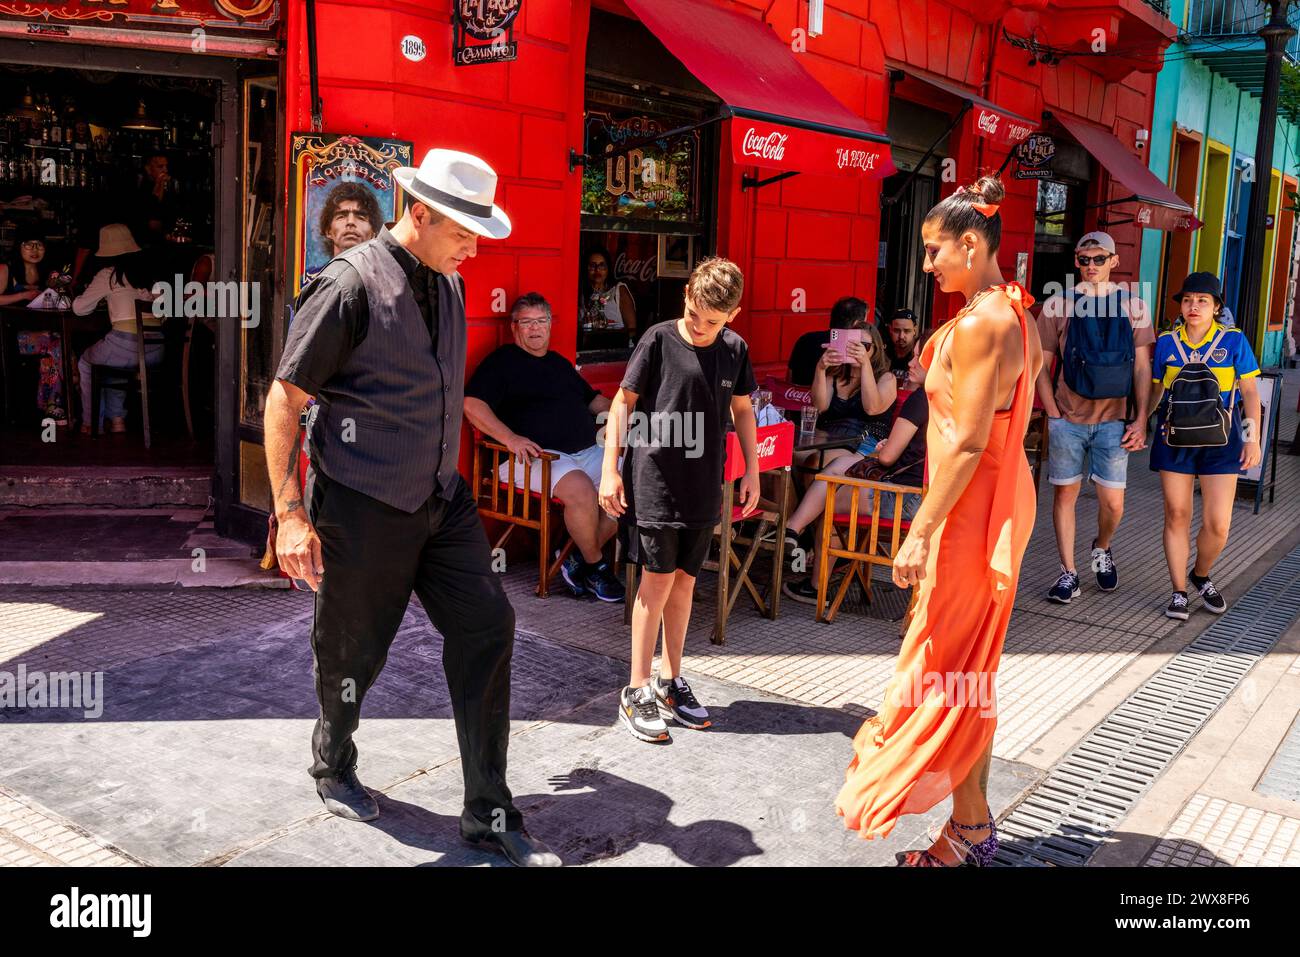 Two Tango Dancers Showing A Boy How To Dance The Tango Outside A Cafe In The Colourful La Boca District of Buenos Aires, Argentina. Stock Photo
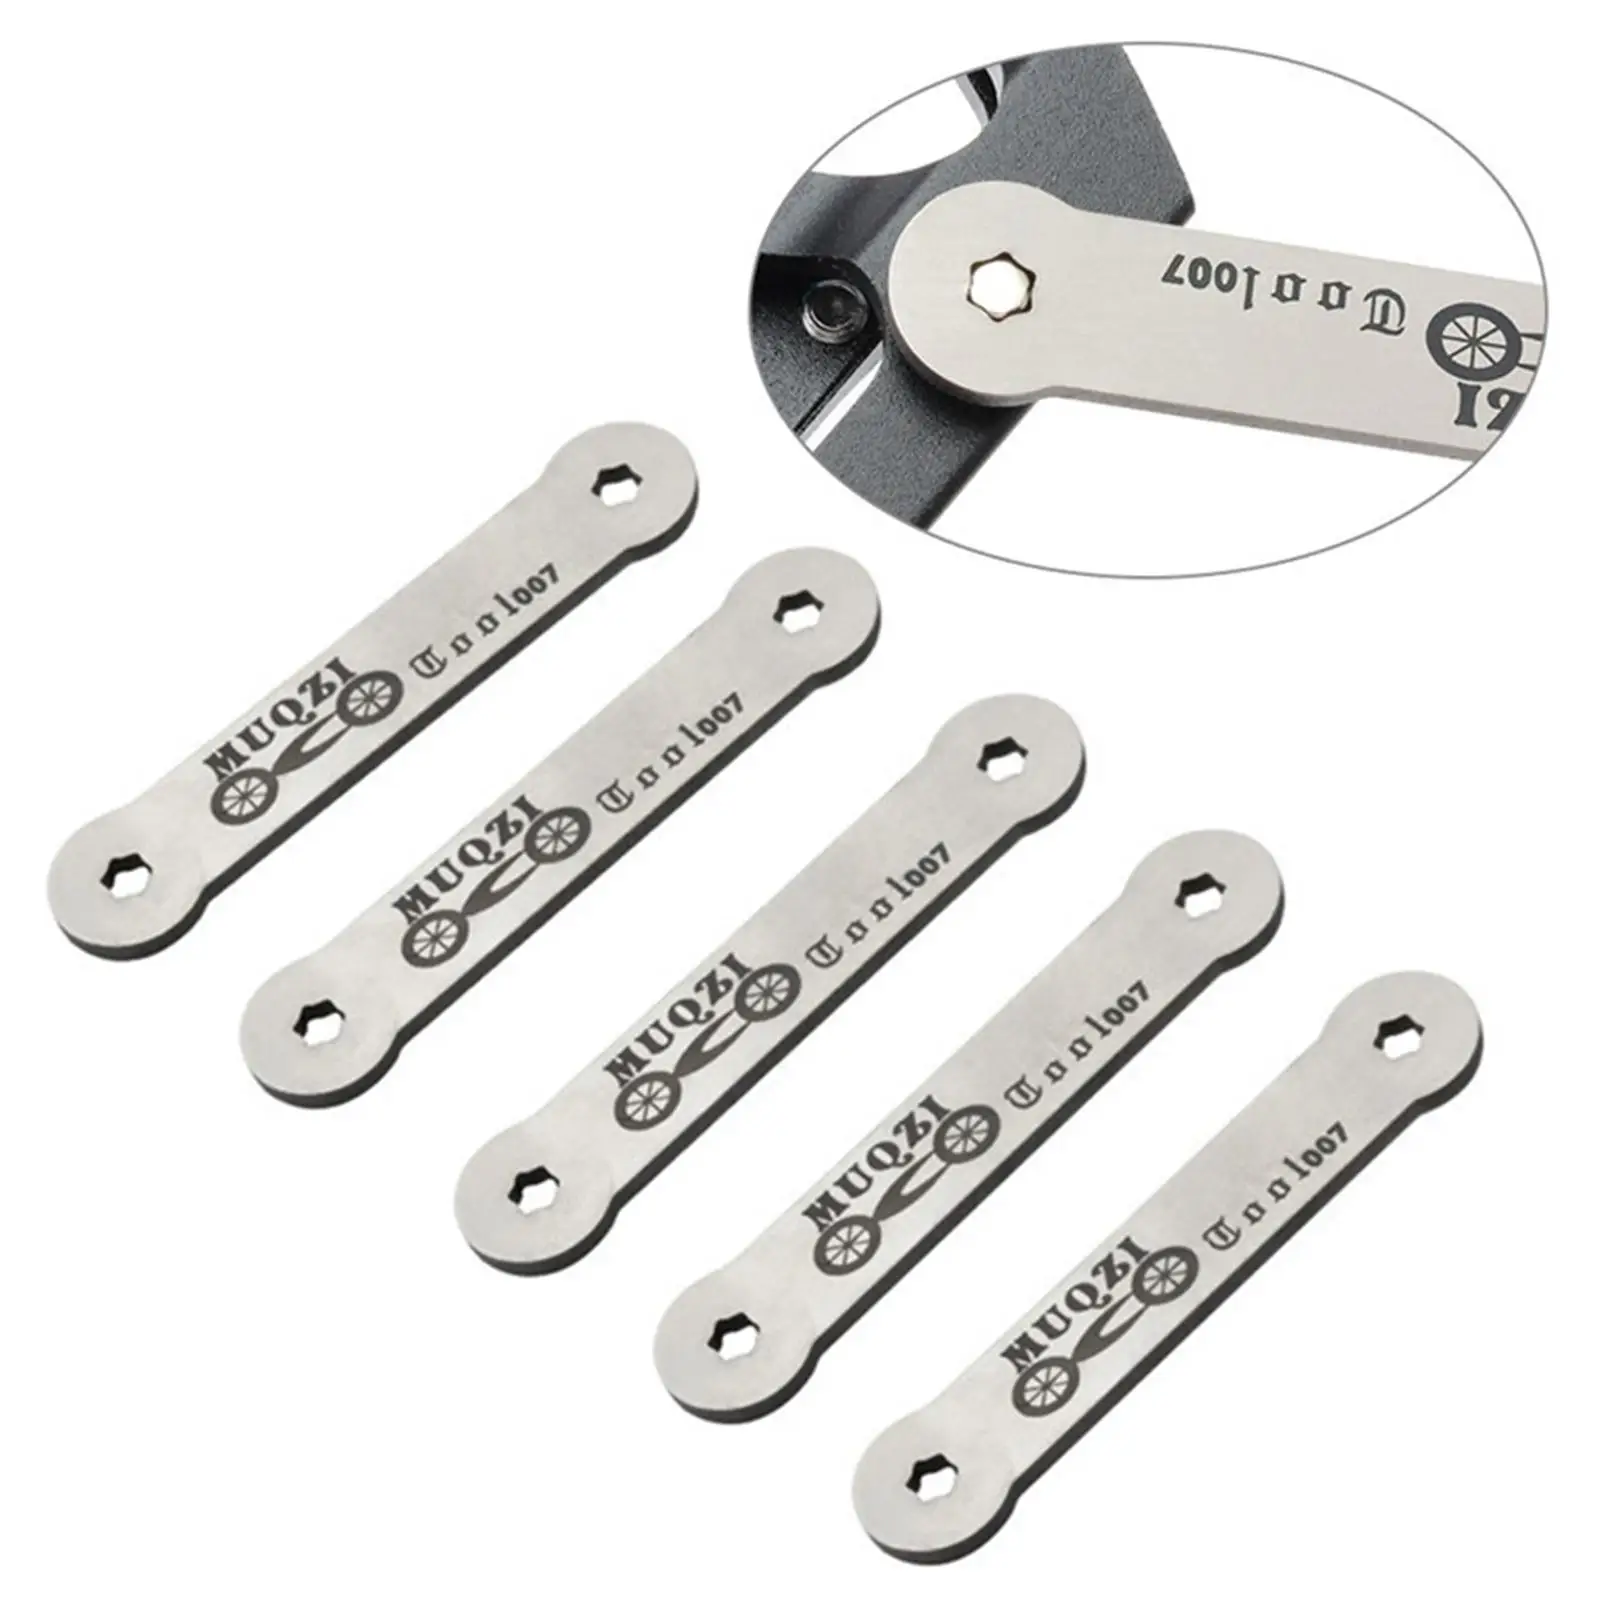 5Pieces Bike Pedal Wrench Removal Tool High-Quality for Repair Bike Biking
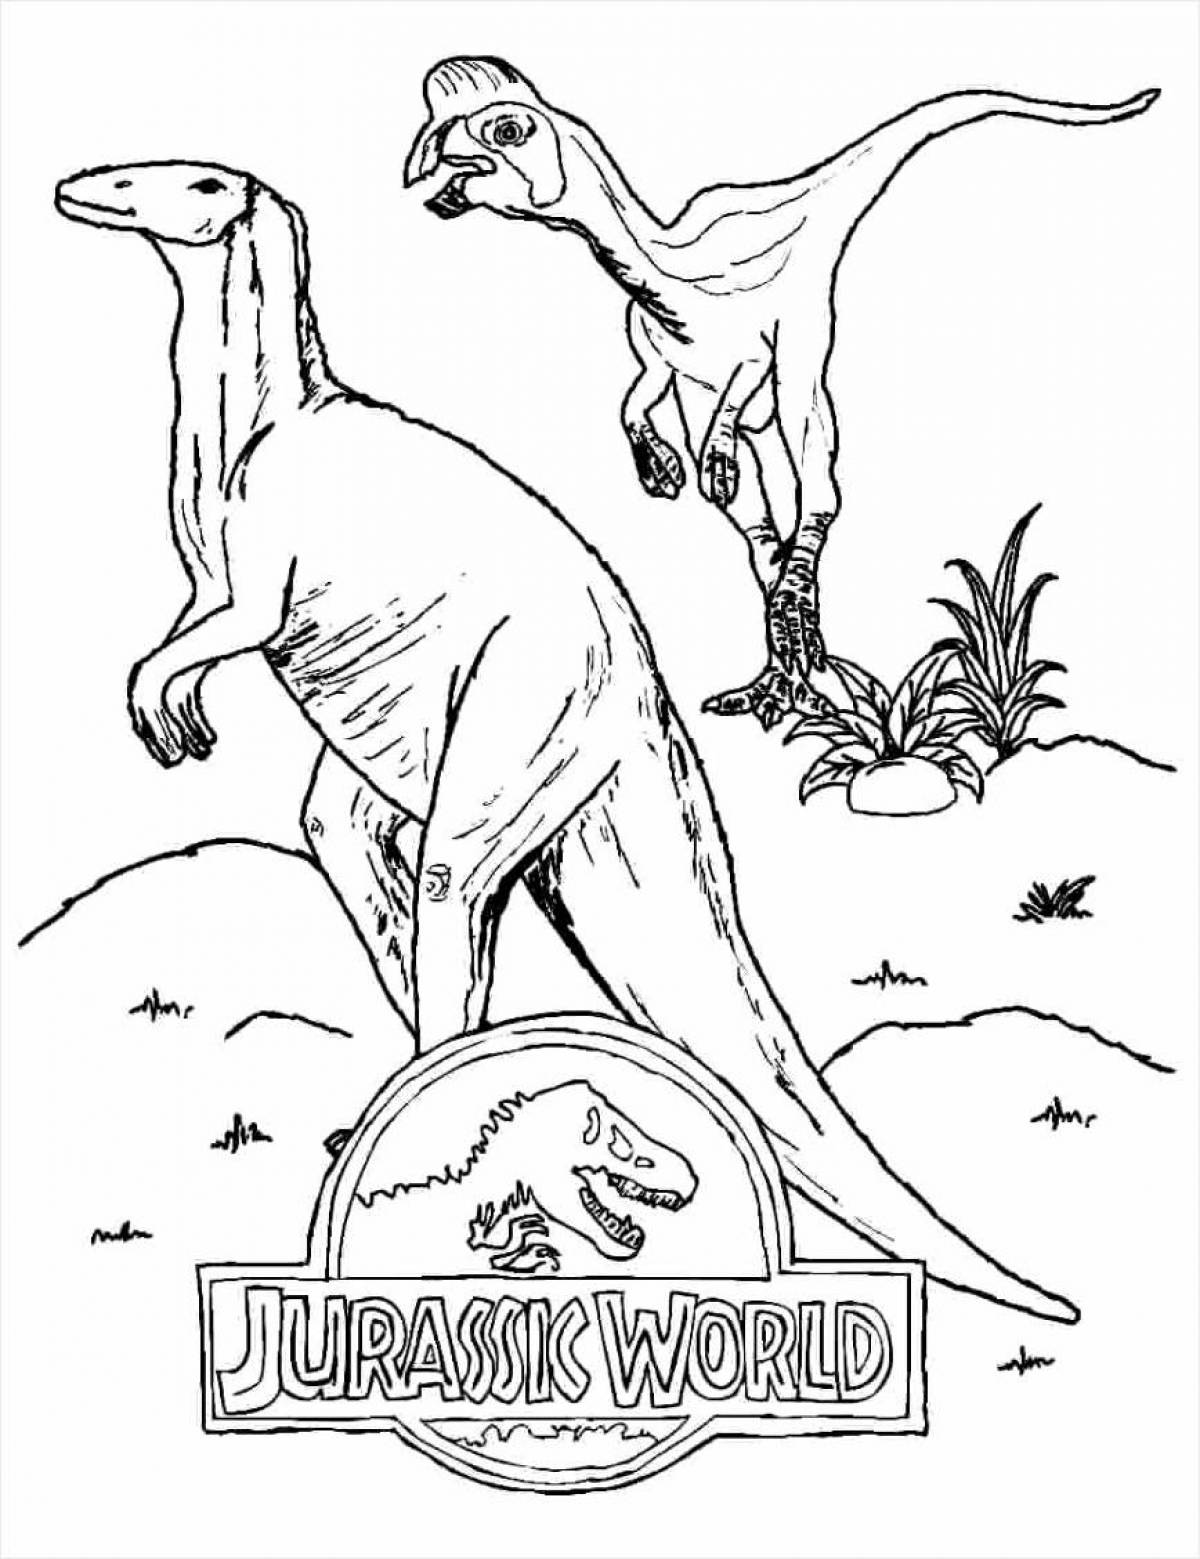 Glowing Jurassic World coloring page

**EXERCISE:** Each line above should be written out again exactly, and no picture should appear in the copy.

**OUTPUT:**
 Two Tango Dancers Showing A Boy How To Dance The Tango Outside A Cafe In The Colourful La Boca District of Buenos Aires, Argentina. Stock Photo
 5Pieces Bike Pedal Wrench Removal Tool High-Quality for Repair Bike Biking
 Glowing Jurassic World coloring page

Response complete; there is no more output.